I'm sharing this as a “field report” and to suggest that documenting a known-good Windows/conda setup and these gotchas might help other users.
Environment
- OS: Windows 11 Home 64-bit (Traditional Chinese locale, code page
cp950) - Conda / Anaconda:
conda 25.7.0(Anaconda3) - Python (HDDM env):
3.7.12 | packaged by conda-forge | (default, Oct 26 2021, 05:35:01) [MSC v.1916 64 bit (AMD64)]

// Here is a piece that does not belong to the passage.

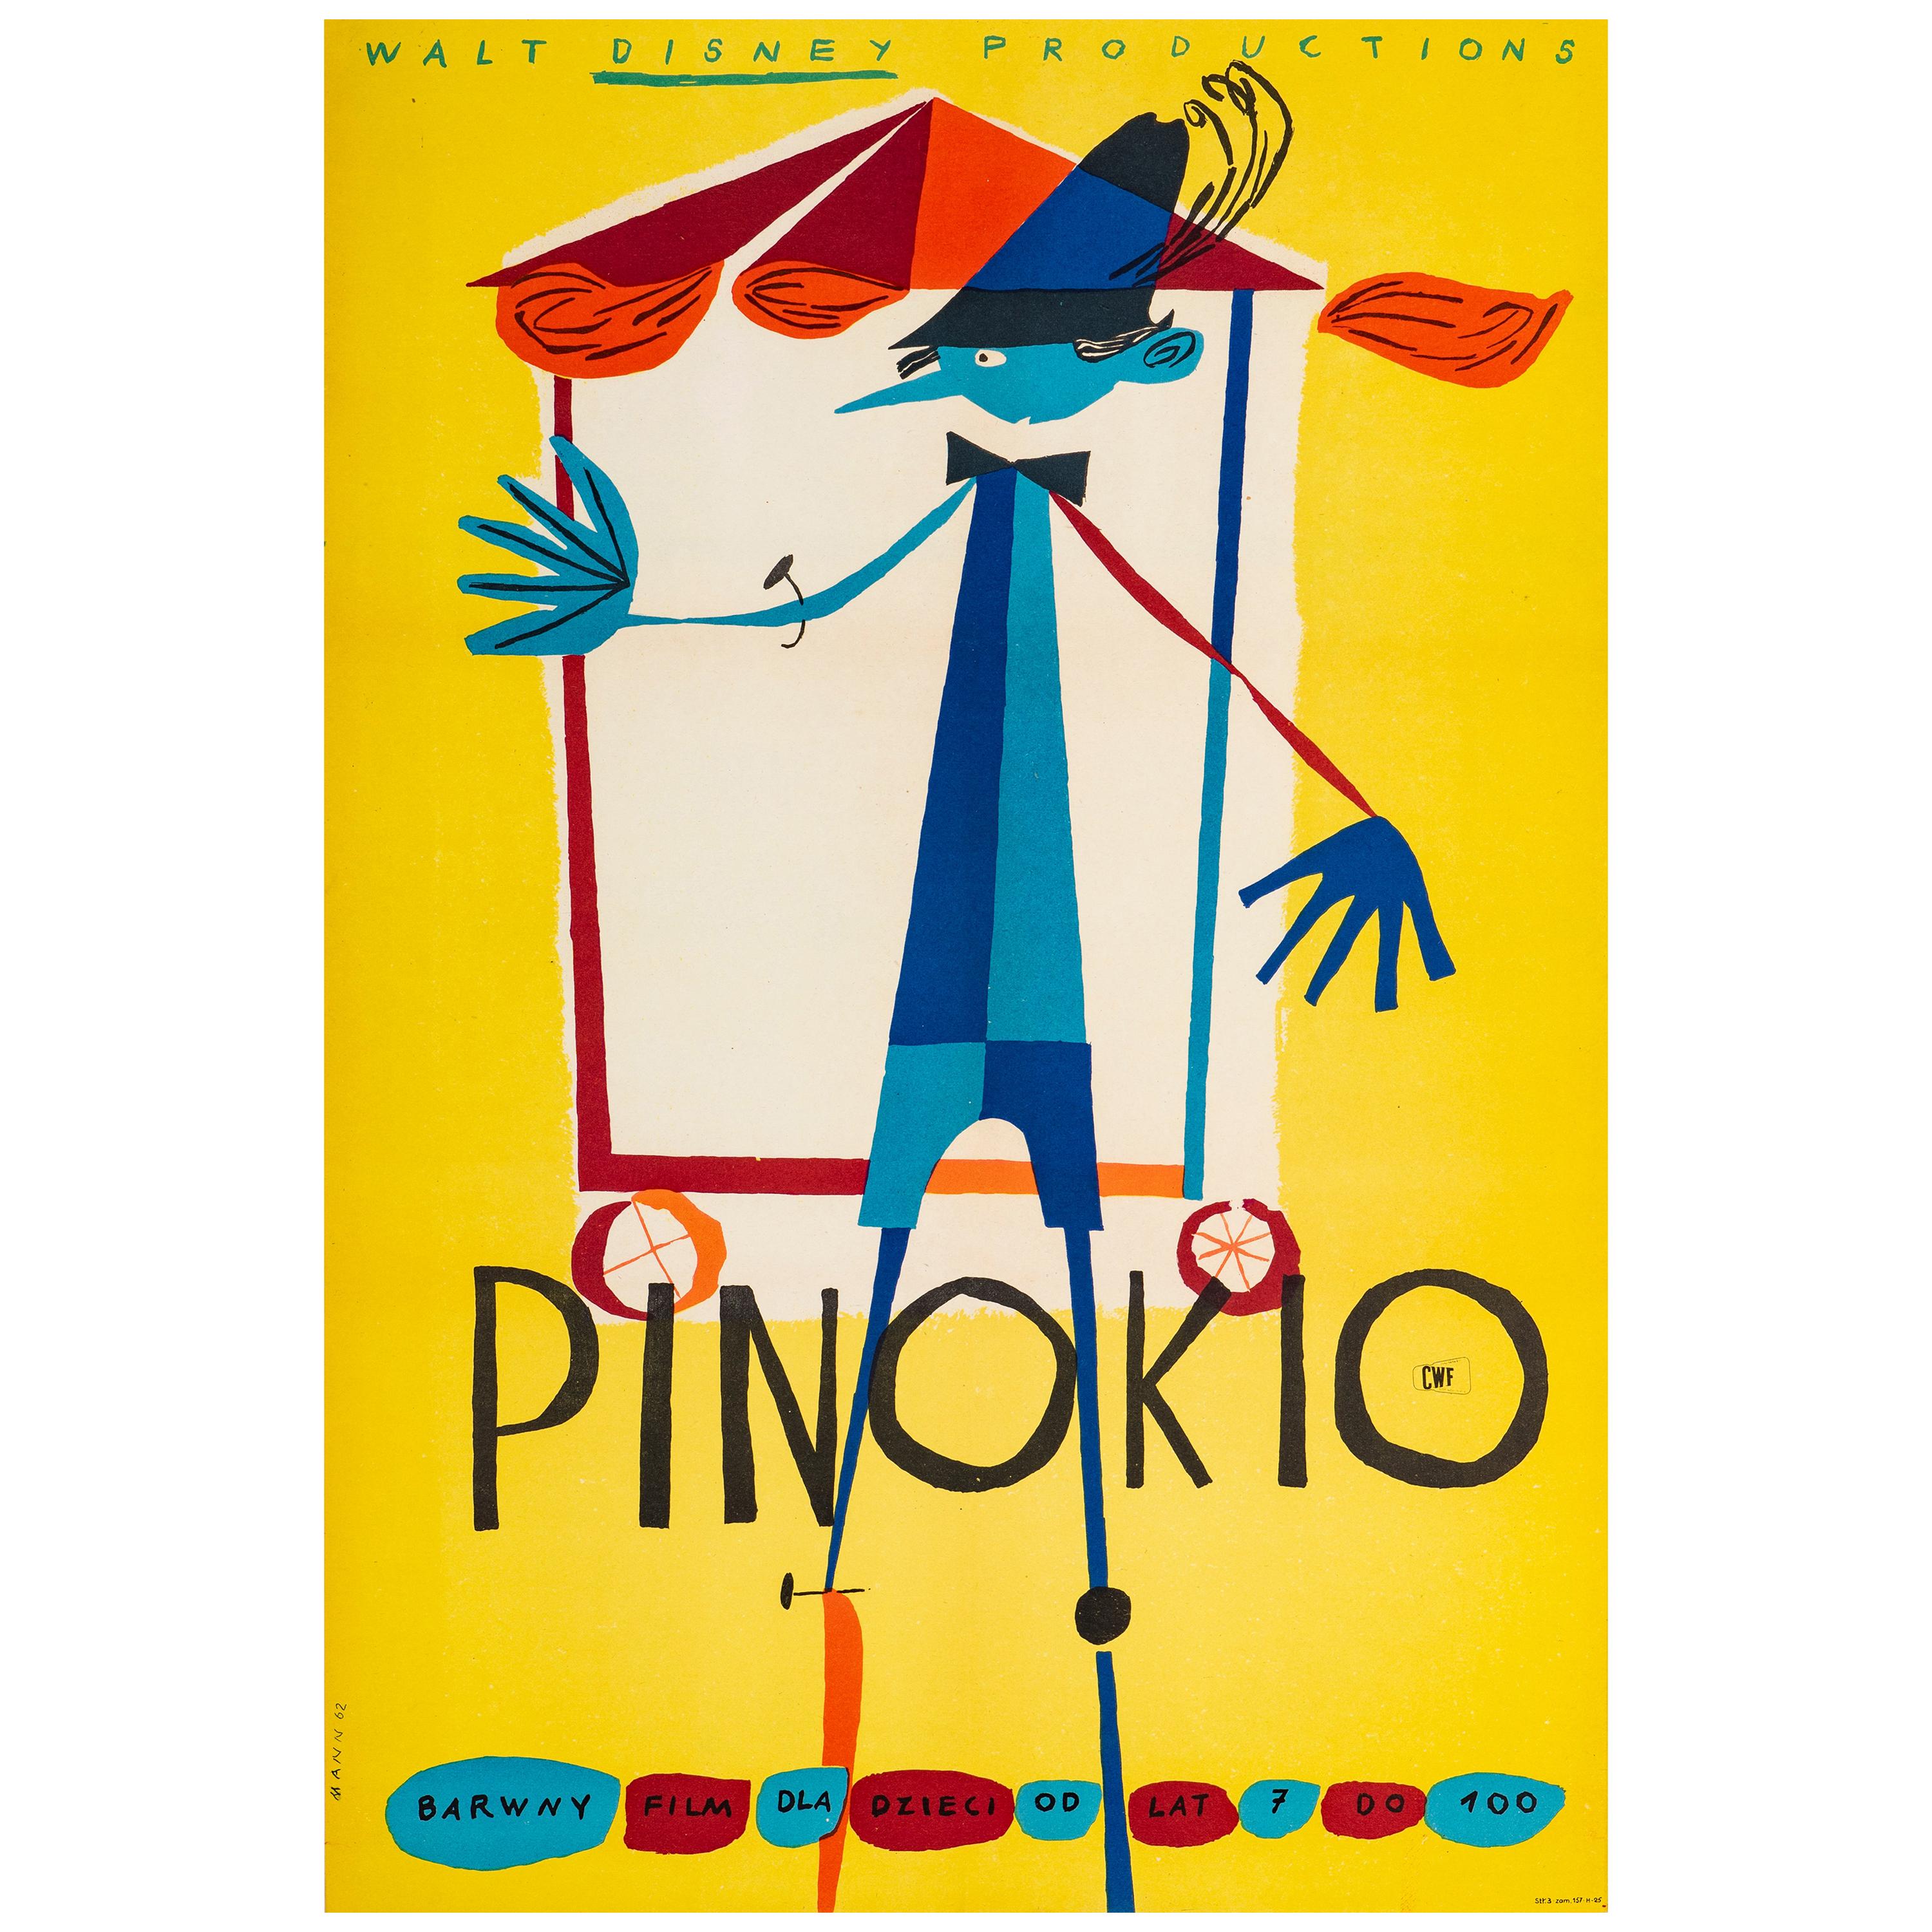 'Pinocchio' Original Vintage Polish Film Poster by Kazimierz Mann, 1962

(conda env name:hddm098) - pip (in hddm098):
pip 24.0(python -m pip --version) - HDDM: 0.9.8 (
pip install hddm==0.9.8) - Not using LAN models: no PyTorch; only classical HDDM / HDDMStimCoding
1. setup.py typo in setup_requires
In setup.py, the setup_requires list currently contained:
setup_requires=['numpy >=1.20.0, < 1.23.0', 'scipy >= 1.6.3, < 1.7.0', 'cython >= 0.29.0, < 1.0.0', 'pandas >= 1.0.0, < 1.5.0' 'patsy', 'seaborn == 0.11.0', 'statsmodels >= 0.12.0, < 0.13.0', 'tqdm >= 4.1.0', 'scikit-learn == 0.24', 'cloudpickle >= 2.0.0', 'kabuki >= 0.6.0', 'PyMC >= 2.3.3, < 3.0.0', 'arviz == 0.12', 'ssm-simulators == 0.3.2'],
Because of the missing comma after the pandas requirement, pip sees an invalid requirement:
pandas >= 1.0.0, < 1.5.0patsy
and raises:
InvalidRequirement: Expected end or semicolon (after version specifier)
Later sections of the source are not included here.